Further, since the first transparent electrode 115 and the second transparent electrode 125 are each composed of a plurality of electrode pieces separately formed, each discharge cell is formed of a separate electrode piece. Therefore, since wall charges do not leak to adjacent discharge cells, the present invention does not generate an erroneous discharge as shown in FIG.

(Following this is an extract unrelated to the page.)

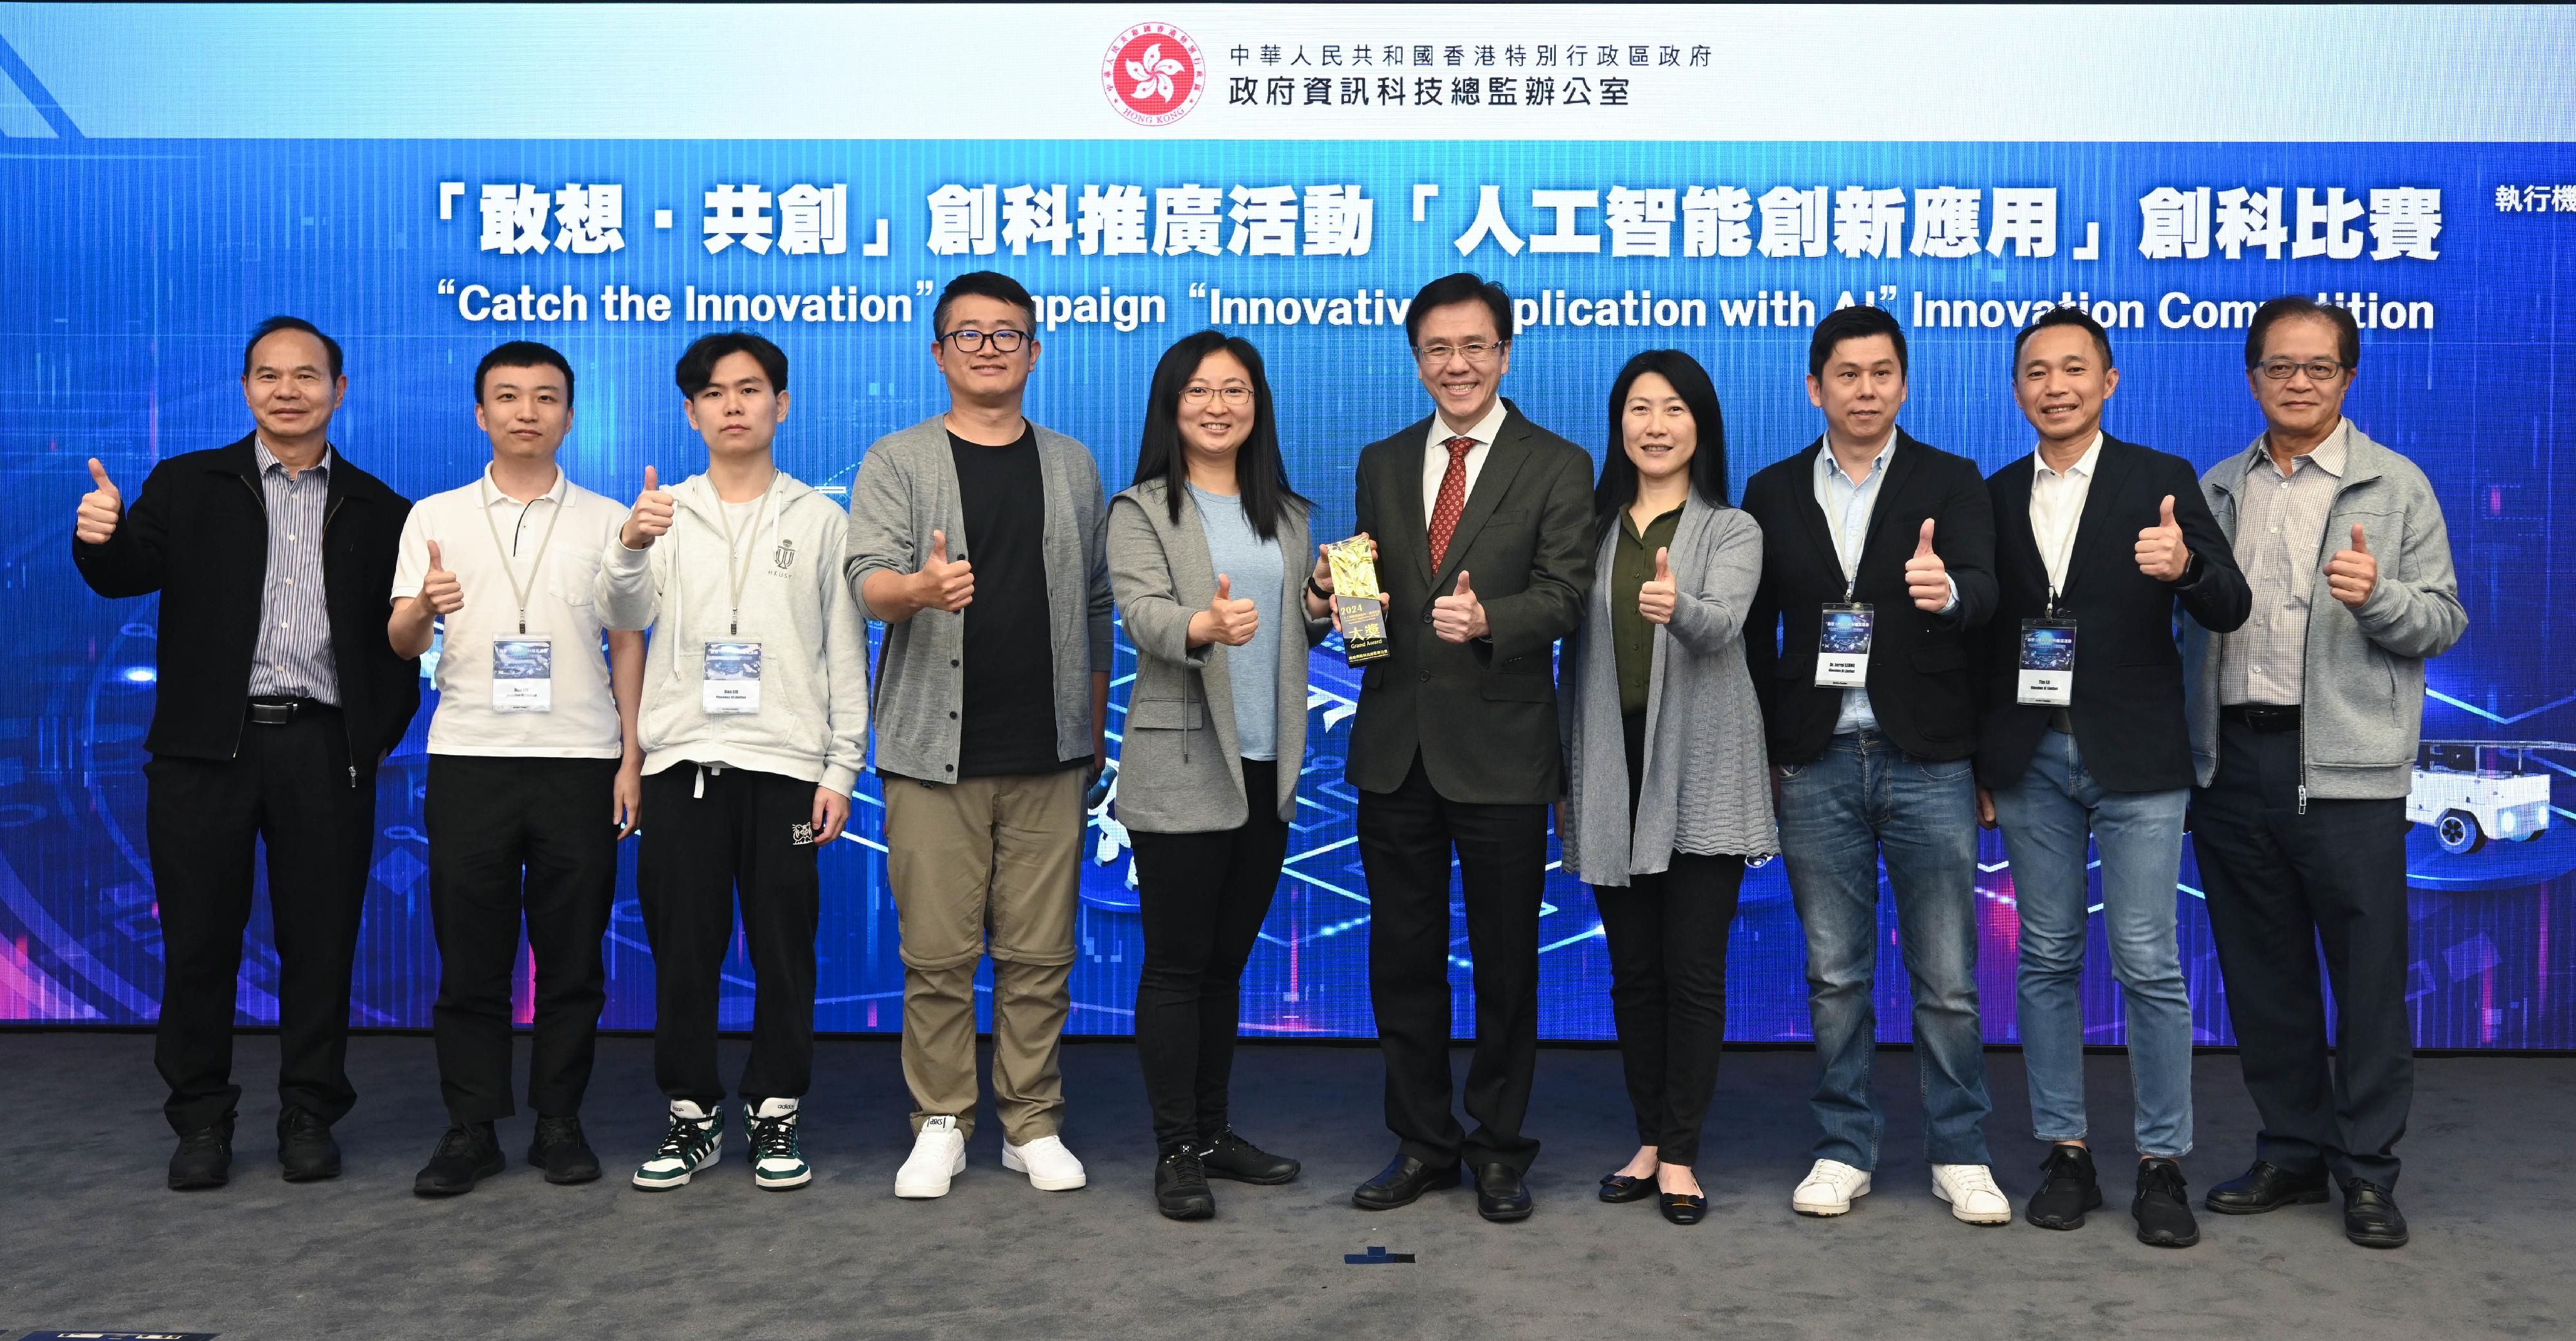 The Secretary for Innovation, Technology and Industry, Professor Sun Dong (fifth right), presents the grand award to team members of the project "Improving communications through generative sign language" at the Award Presentation Ceremony for the "Innovative Application with AI" Innovation Competition today (March 15) and is pictured with representatives of the relevant departments and the service provider. The departments to which the team members belong are the Office of the Government Chief Information Officer and the Census and Statistics Department.
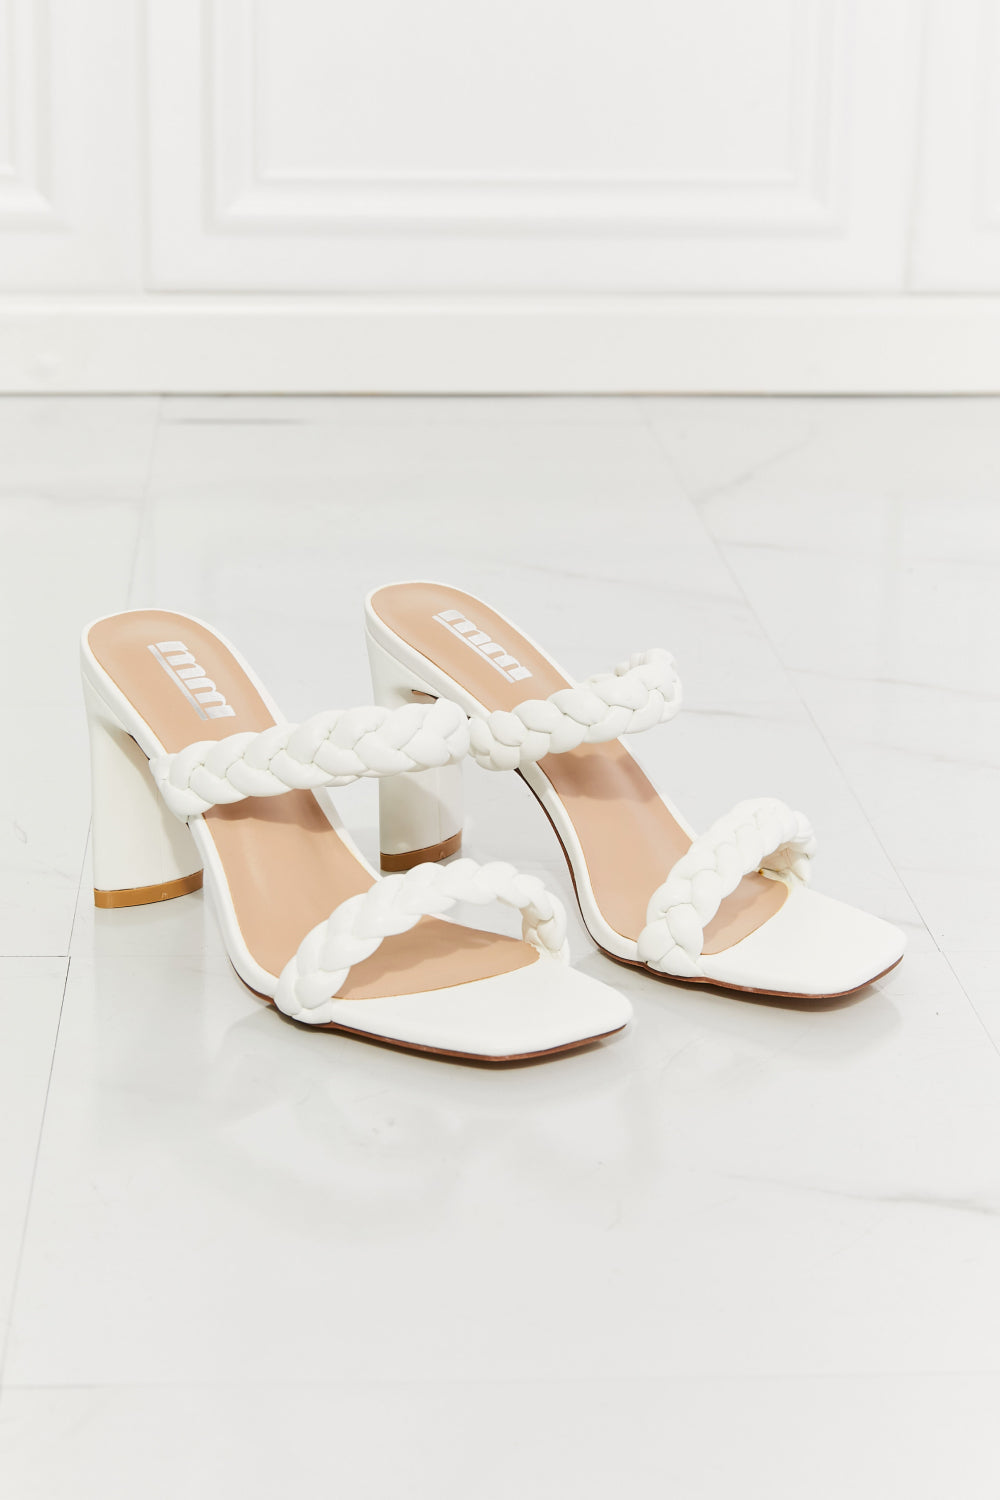 MMShoes In Love Double Braided Block Heel Sandal in White Print on any thing USA/STOD clothes

Compared with the conventional PD, the PD of the present invention has a discharge cell composed of a plurality of electrode pieces, thereby increasing the concentration of the electric field. In addition, the transparent electrode installed in the PDP of the present invention can block the movement path of the wall charges due to the primary discharge, thereby reducing the erroneous discharge generated in the conventional PD. Therefore, the present invention has an effect that the discharge efficiency is improved compared to the conventional PD, and the erroneous discharge of the discharge cells is reduced.

Claims (6)

In the plasma display panel, A first sustain electrode wiring externally applied with a first sustain discharge voltage; A second sustain electrode wiring adjacent to the sustain electrode wiring to receive a second sustain discharge voltage from the outside; A plurality of first transparent electrodes formed by branching at predetermined intervals from the first sustain electrode wiring; And a plurality of second transparent electrodes branched at predetermined intervals from the second sustain electrode wiring so as to face the first transparent electrode. The method of claim 1, And the first sustain electrode wiring and the second sustain electrode wiring are made of metal. The method of claim 1, And a spacing between each of the first transparent electrodes is about 50 micrometers. The method of claim 1, And a spacing between each of the second transparent electrodes is about 50 micrometers. The method of claim 1, And a distance between the first transparent electrode and the second transparent electrode is about 90 micrometers. The method of claim 1, The plasma display panel of claim 1, wherein the plurality of first transparent electrodes and the plurality of second transparent electrodes constitute one discharge cell.